Fewer people were sentenced to death this year than any other year since 1976, according to a report released Friday by the Death Penalty Information Center.
The report cites 106 new death sentences handed down in 2009, compared to 111 in 2008. Both are down significantly from a decade ago, when 284 death sentences were given out.
Sen. Tim Owens, R-Overland Park, has scheduled four days of hearings beginning Jan. 19 on a new bill that would eliminate the death penalty in Kansas.
A Kansas Judicial Council advisory committee of lawmakers, judges, prosecutors and defense lawyers helped rewrite a bill sponsored last year by Sen. Carolyn McGinn, R-Sedgwick.
But Kansas' top prosecutor said this week he wants to see the death penalty continue.
"I think it's a just punishment for what those folks did," Attorney General Steve Six told The Eagle.
Cost a factor
More people were put to death nationwide this year (52) than last year (37), Friday's report said.

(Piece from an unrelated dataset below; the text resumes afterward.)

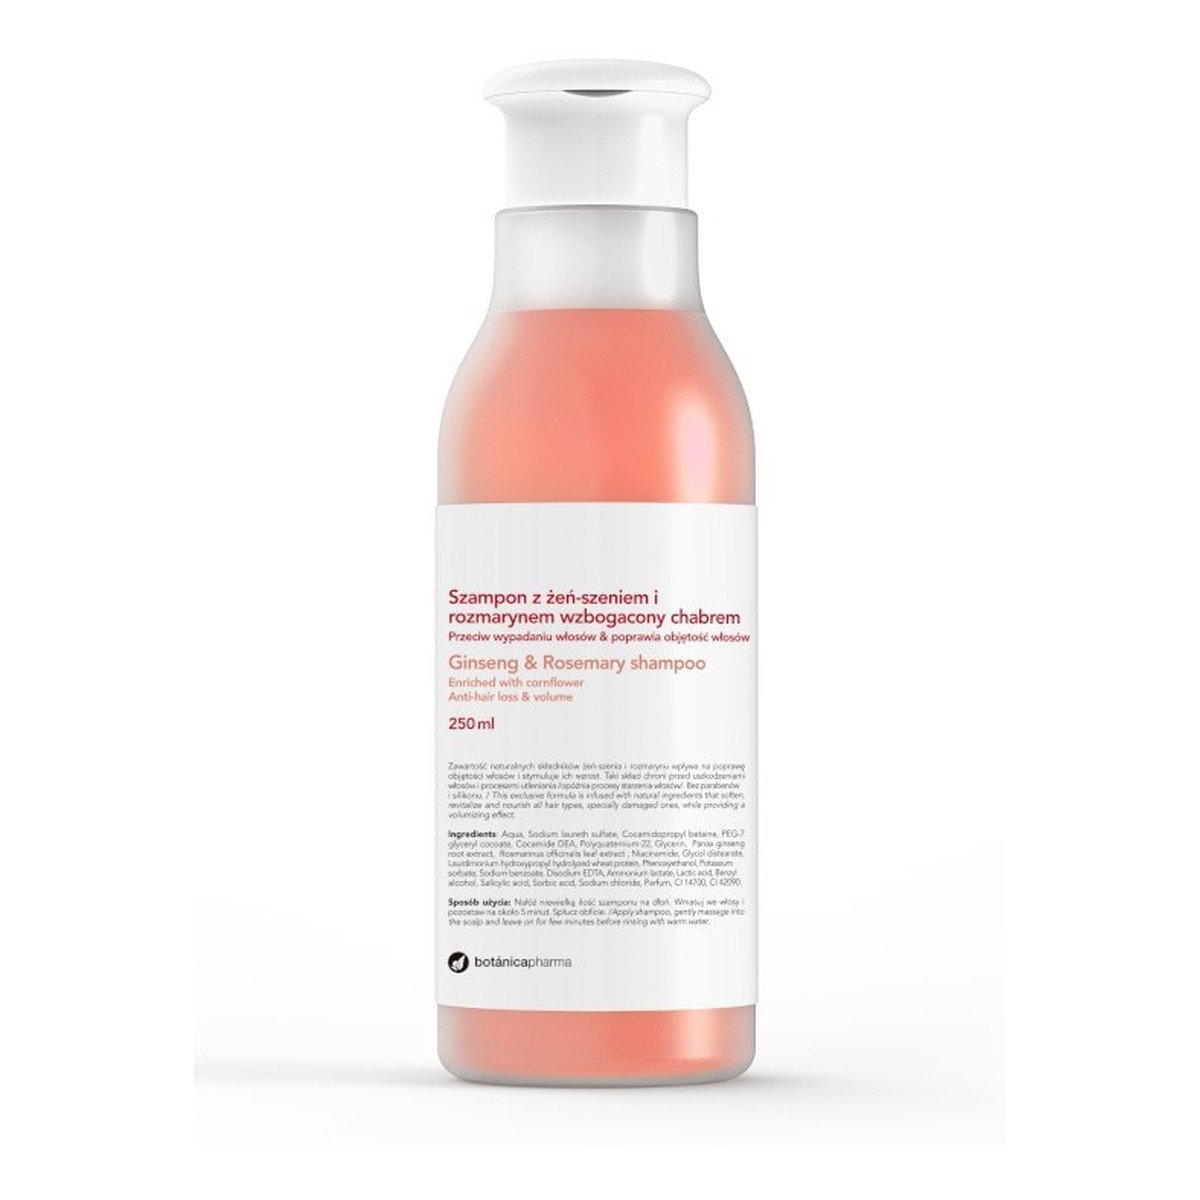 Botanicapharma Ginseng & Rosemary szampon przeciw wypadaniu włosów z żeń-szeniem i rozmarynem 250ml
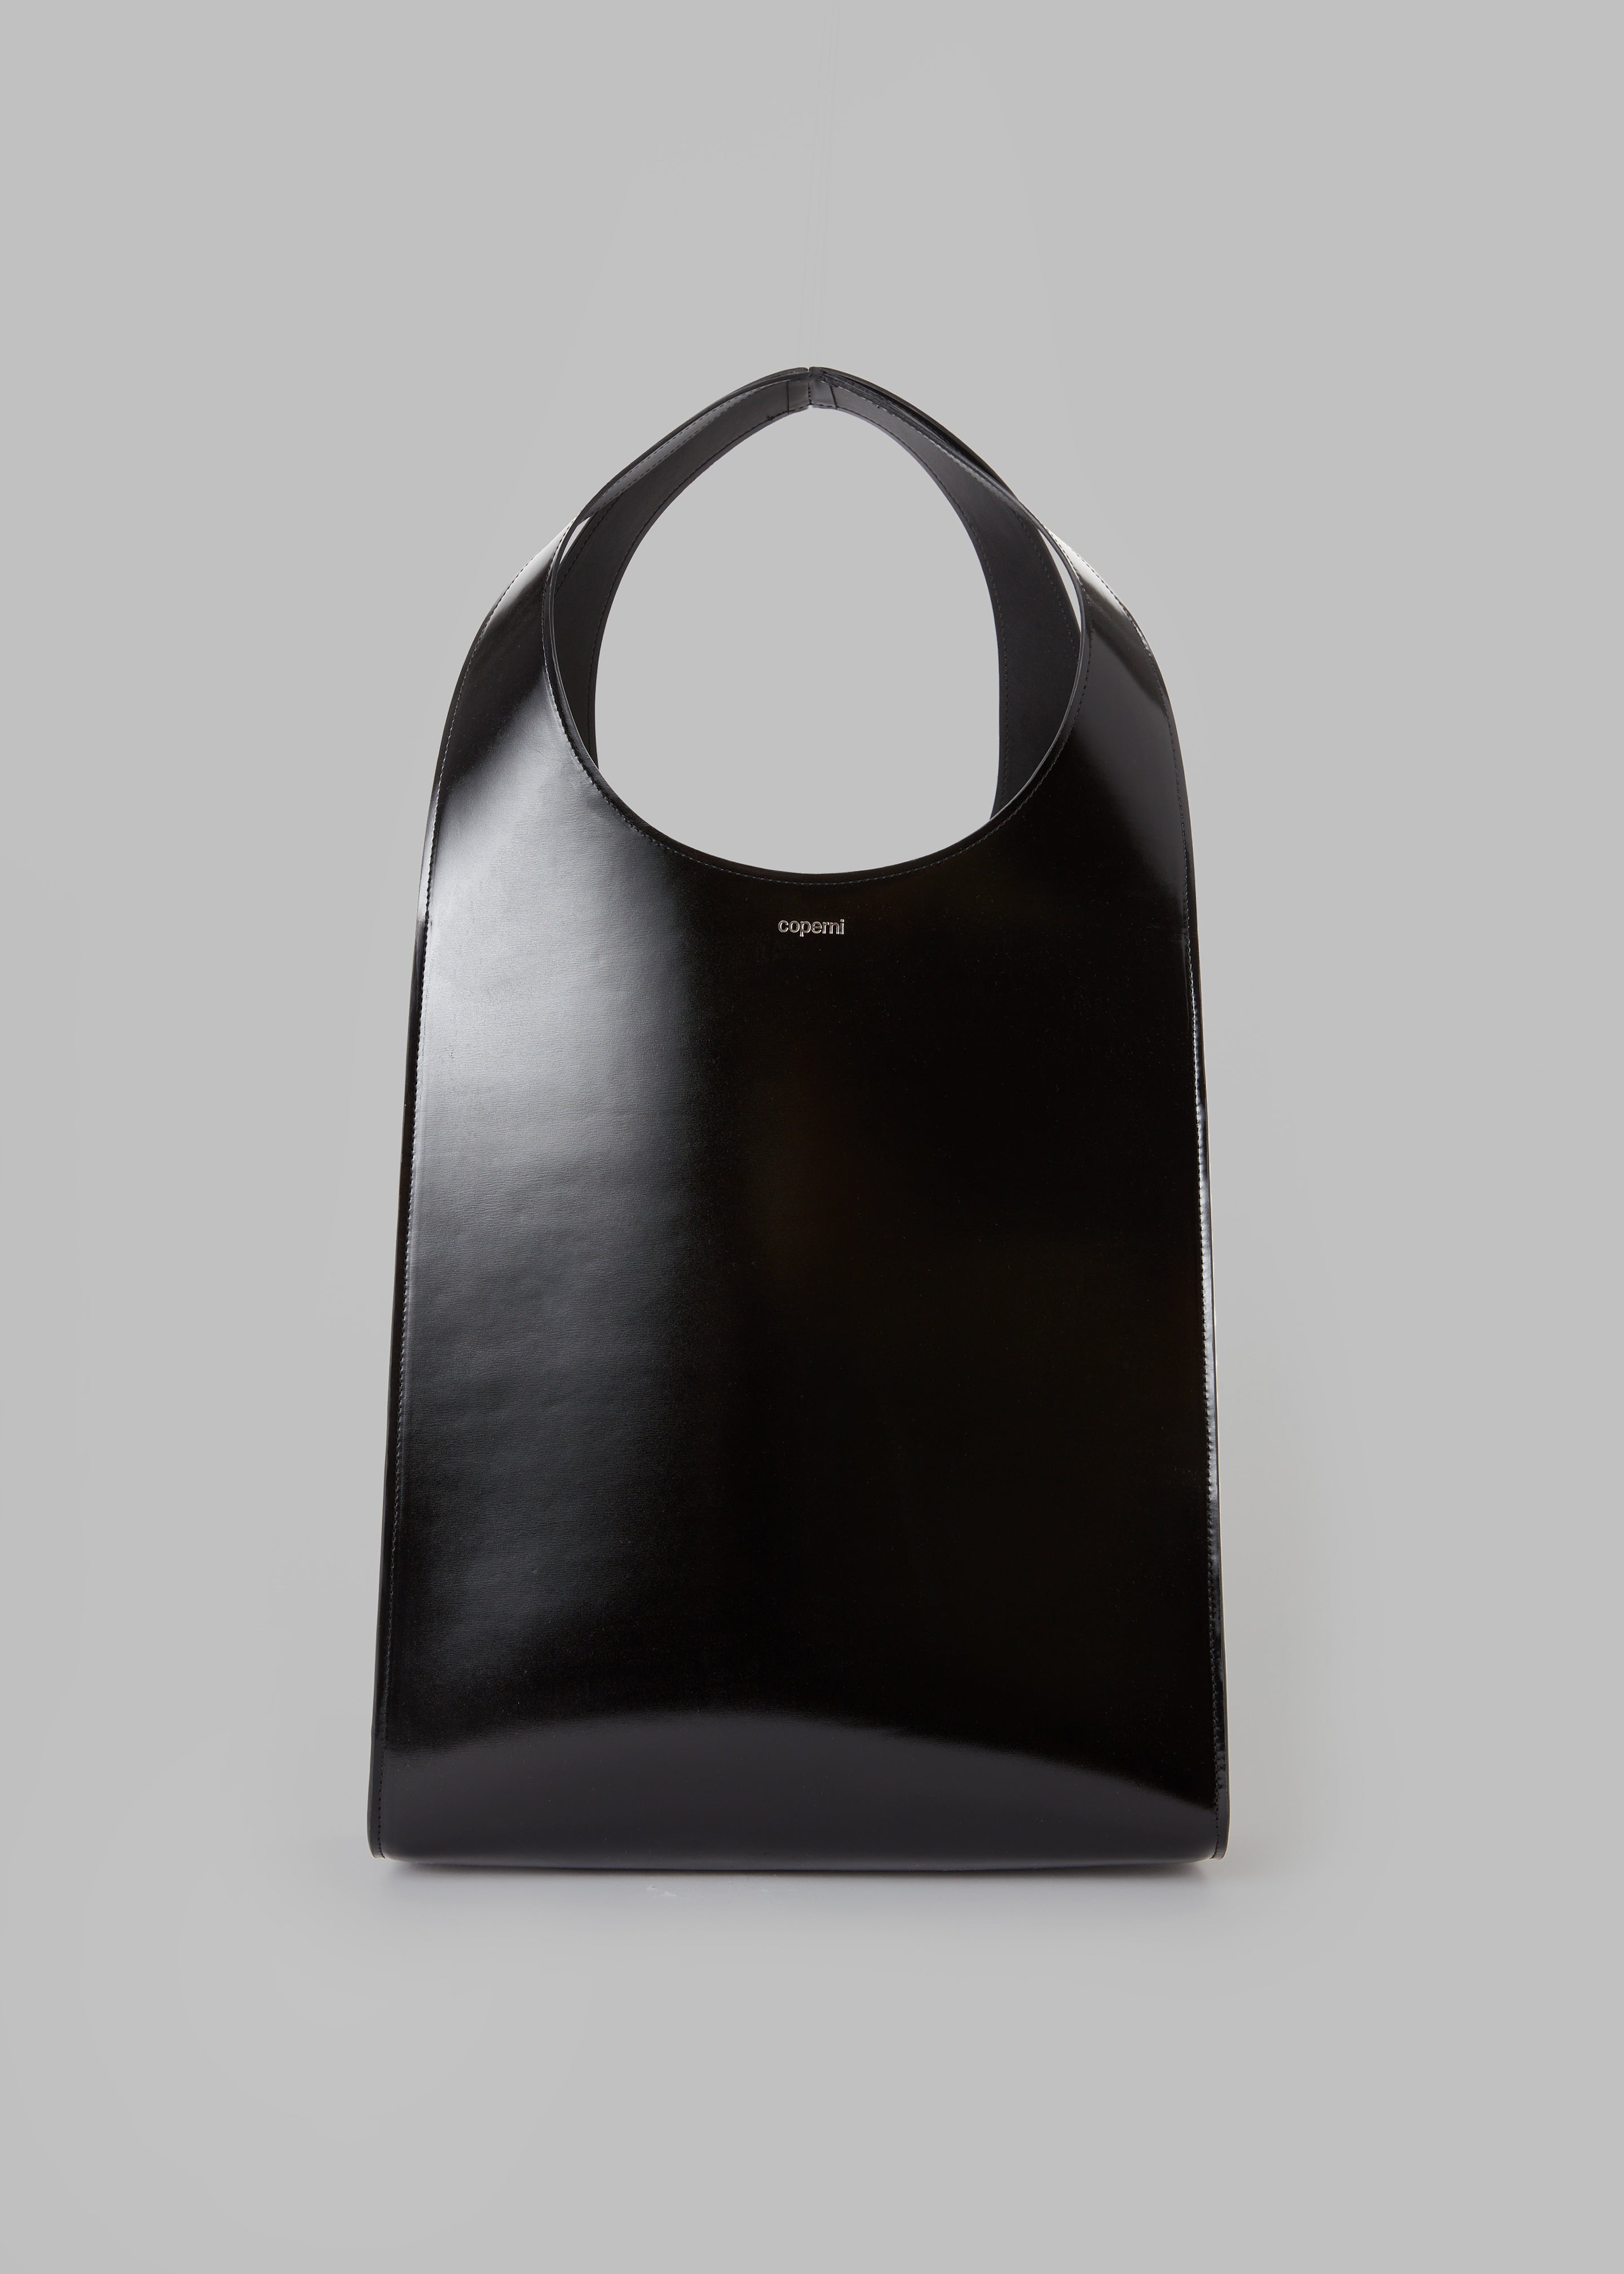 Coperni Swipe Tote Bag - Glossy Black - 3

The report attributed the increase to four months in 2008 when states halted executions while the U.S. Supreme Court weighed a challenge to lethal injection. The high court found the method was not cruel and unusual punishment, allowing executions to continue.
The push against the death penalty, however, moved from the courthouse to the statehouse.
This year, 11 states considered bills to abolish the death penalty. New Mexico became the 15th state to repeal it, following an effort by a coalition of churches.